Я поднялся на третий этаж по затёртой ковровой дорожке горчичного цвета. Всё было как всегда. Только девятка на двери свесилась вверх ногами и превратилась в шестёрку.
Прежде чем позвонить в звонок, я прислушался: из глубины квартиры доносился весьма современный, я бы сказал, тяжёлый, как для вкуса мадам Пайе, музыкальный ритм. Даже дверная ручка вибрировала под пальцами.
Я позвонил — и ритм стих.
С обратной стороны кто-то подкрался к двери и наверняка поглядел в глазок. Я бы и не догадался, если бы не заскрипела одна коварная половица в прихожей, о которой я прекрасно знал.
Поскольку ничего не происходило, я позвонил ещё раз и позвал: “Мадам Пайе, вы дома? Это Даниэль Дюфо”.
— Вы к кому? — послышалось прямо из-за двери.
Мужской голос. Я подобрался и откашлялся.
— Я к мадам Пайе. А вы, месье, новый жилец?
— Что вам надо?
— Я… — Ну и глупости, подумал я тогда. Сколько раз мне придётся это повторить? — Я хотел бы увидеть мадам Пайе, узнать, всё ли у неё в порядке. Передайте, пожалуйста, что меня зовут Даниэль Дюфо.
Дверь потихоньку отворилась, и в щель высунулась растрёпанная голова с бегающим взглядом. Этот светлый лик я точно видел в фотоальбомах мадам Пайе.
— Её здесь нет, — произнёс он вдруг низко и хрипло. Тембр не вязался с кротостью лица.
— Габриэль? — Его глаза перестали бегать и сосредоточились на мне. — Вы Габриэль, правда? Внук мадам Пайе.
— И что с того? Вы из полиции?
— Нет.
Он столько лет провёл в тюрьме, а священника от полицейского отличить не мог. Или же именно потому, что столько лет… Я вежливо улыбнулся.
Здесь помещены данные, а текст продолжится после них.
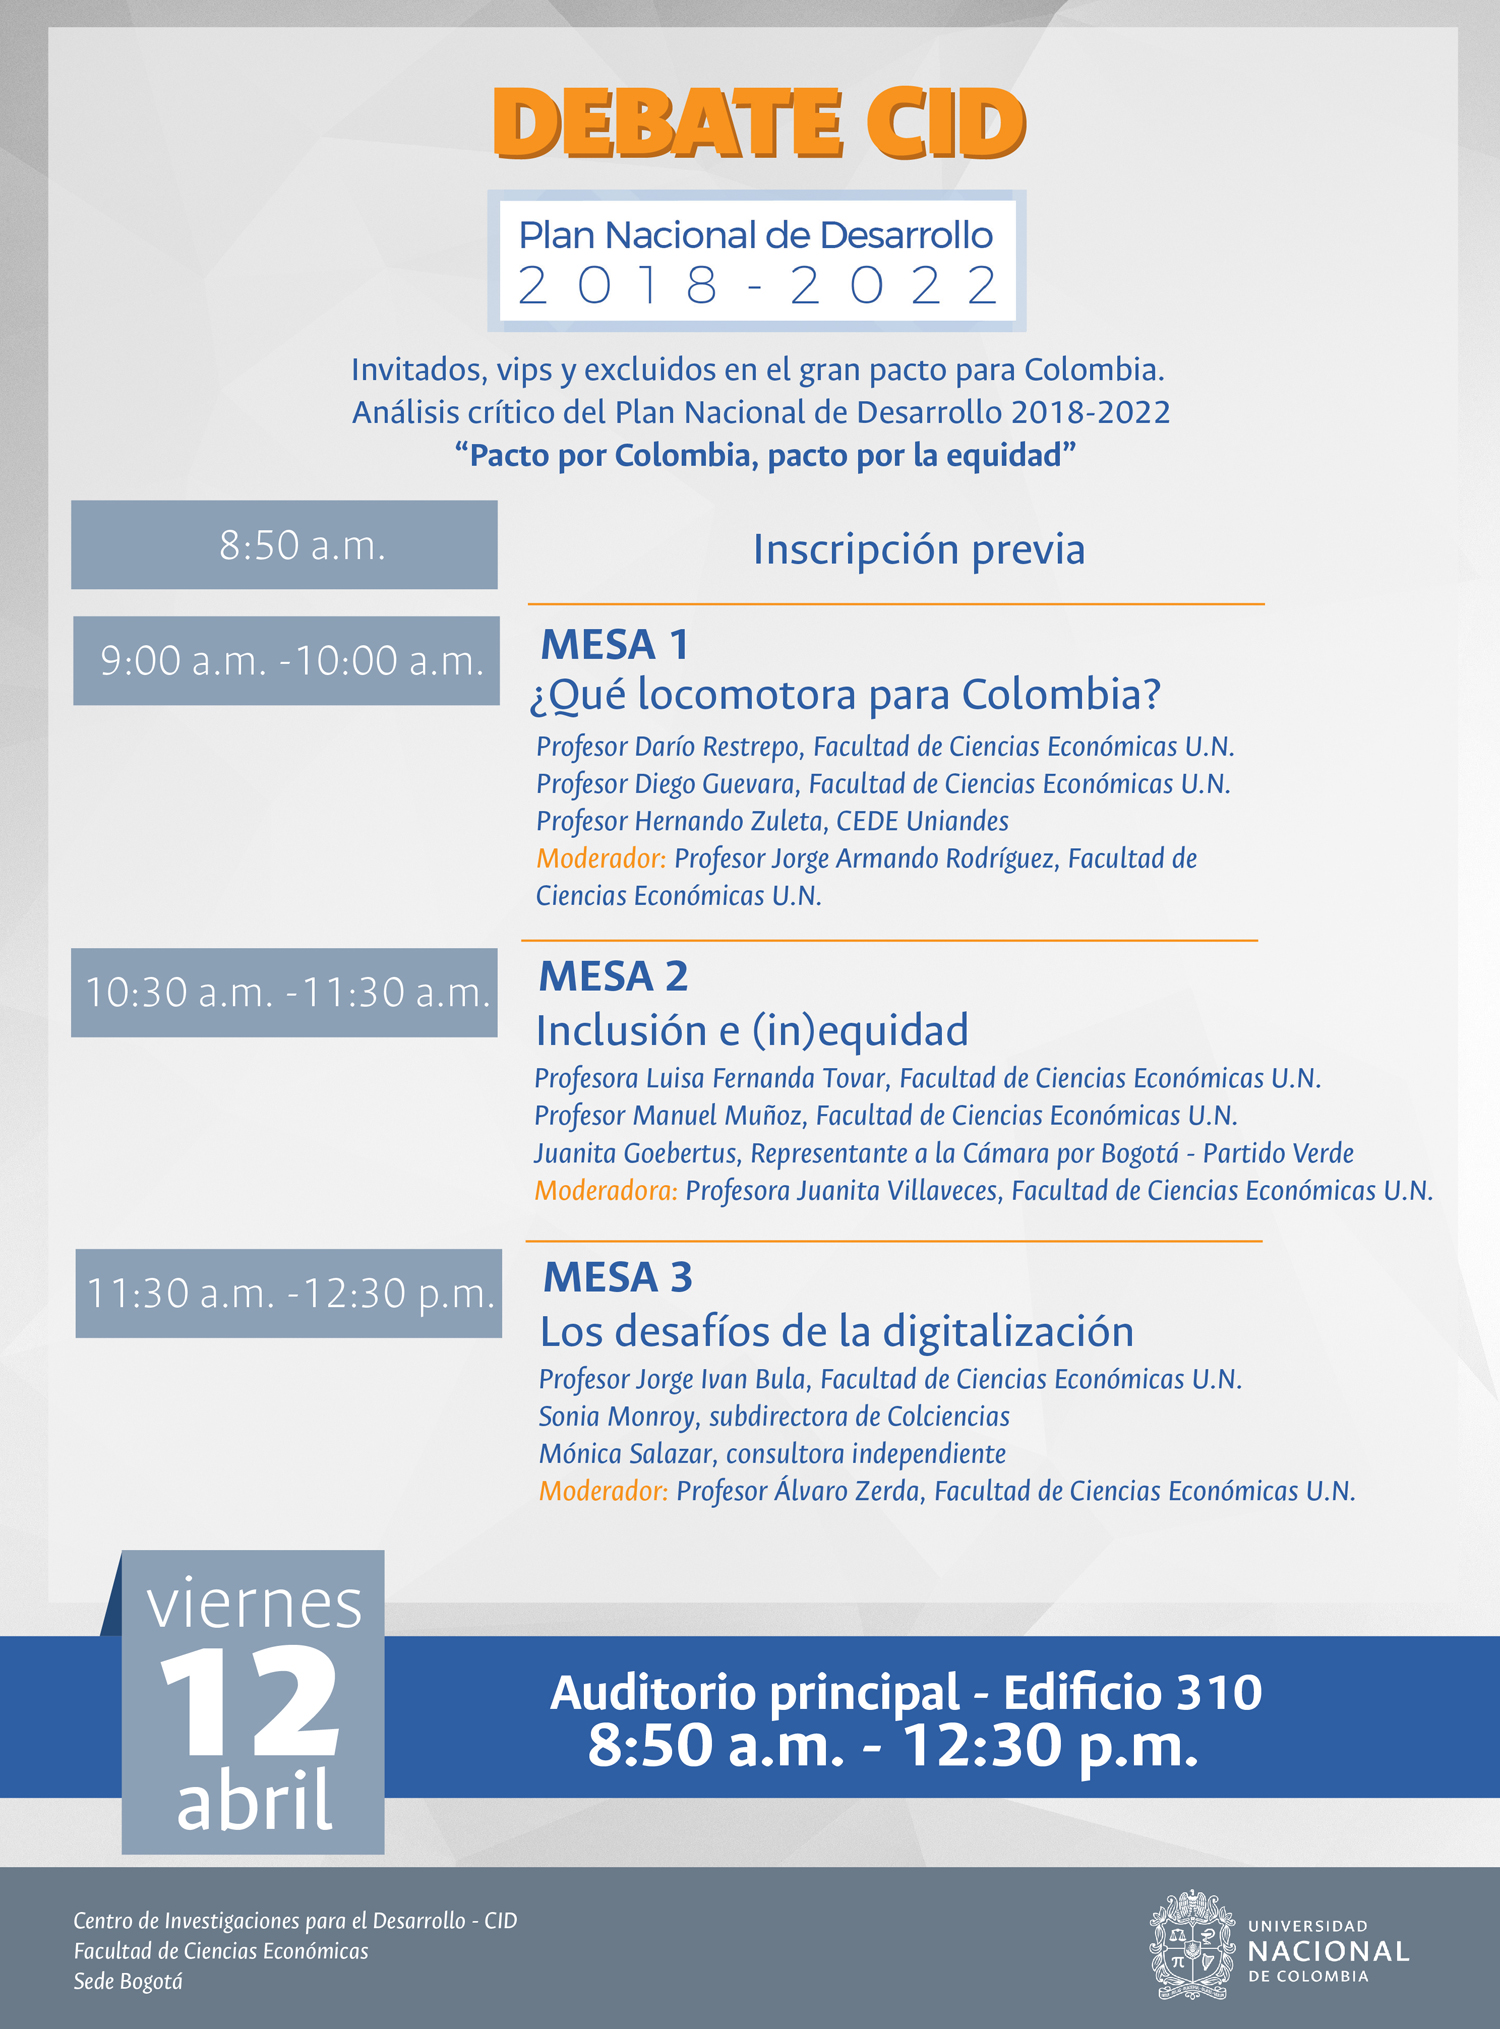 """[Debate CID] «Invitados, vips y excluidos en el gran pacto por Colombia. Análisis crítico del Plan Nacional de Desarrollo 2018-2022 """"Pacto por Colombia, pacto por la equidad""""»"""
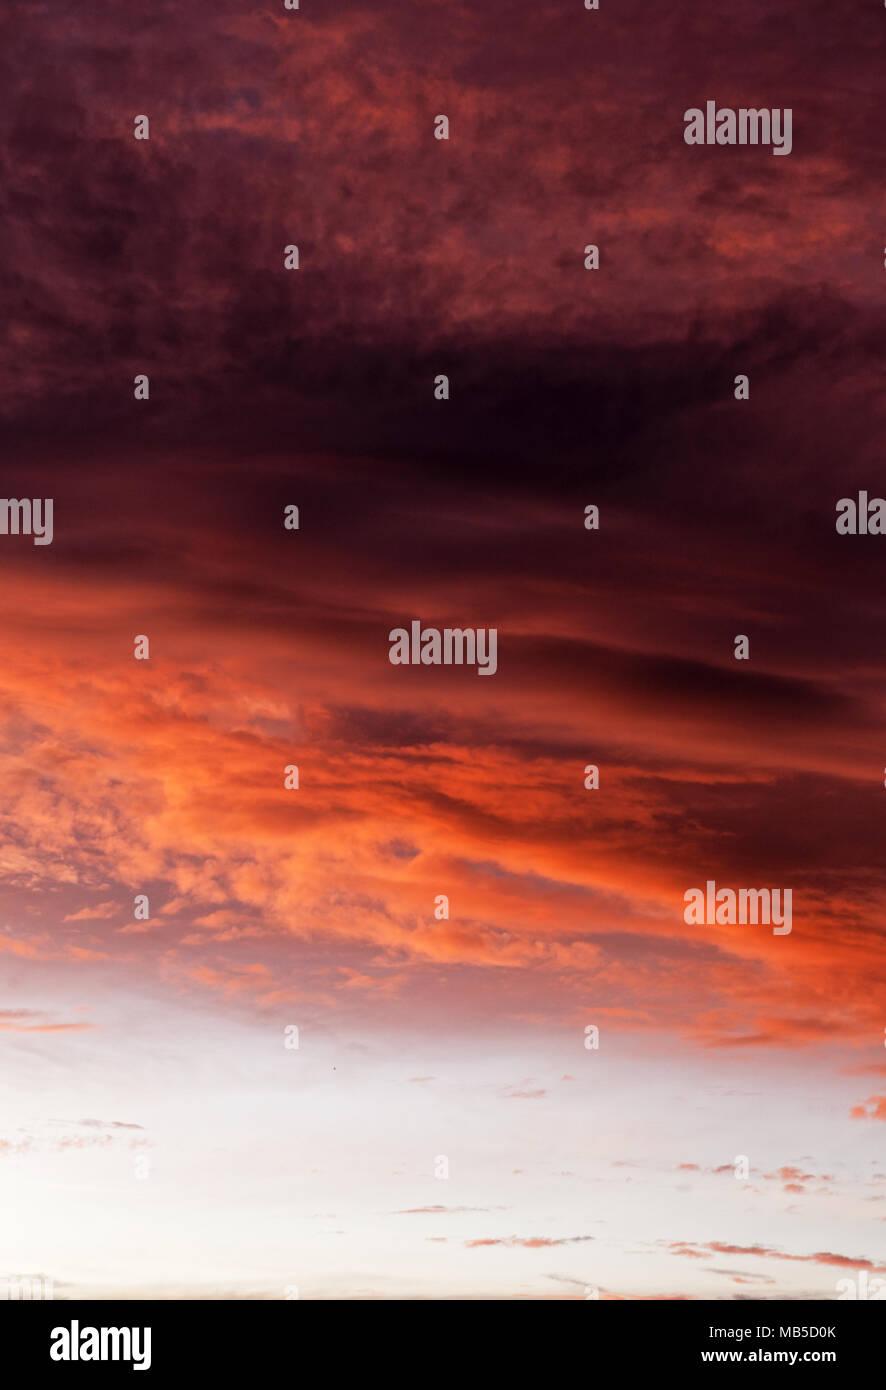 Dramatischer sonnenuntergang himmel mit Abend Himmel Wolken leuchten durch helles Sonnenlicht Stockbild

— Я хотел повидаться с вашей бабушкой. Мы прожили здесь почти пять лет, я заботился о ней, слушал истории о вашем детстве… И к полиции отношения не имею. Я, — и я поднял букет чуть выше, — просто хочу проведать её. Не подскажете, где я могу её найти?
— На том свете.
Спёртого воздуха лестничной площадки стало мало.
— Мадам Пайе… умерла? — Сами слова об этом звучали неправдоподобно. Такие, как она — энергичные, бесстрашные старушки, с перцовым баллончиком в кармане — казалось, живут не менее, чем до ста лет. — Что с ней случилось?
— Люди умирают, вот что случилось. Слушай… Даниэль?
— Где её похоронили? — торопливо спросил я. Я боялся, что он вот-вот захлопнет дверь.
— С чего я должен тебе отвечать?
Габриэль переступил порог, приблизился — и прямо за ним из квартиры на меня пахну́ло сладковато-тошнотворным запахом. Гортензии цветением касались его футболки с застиранными пятнами.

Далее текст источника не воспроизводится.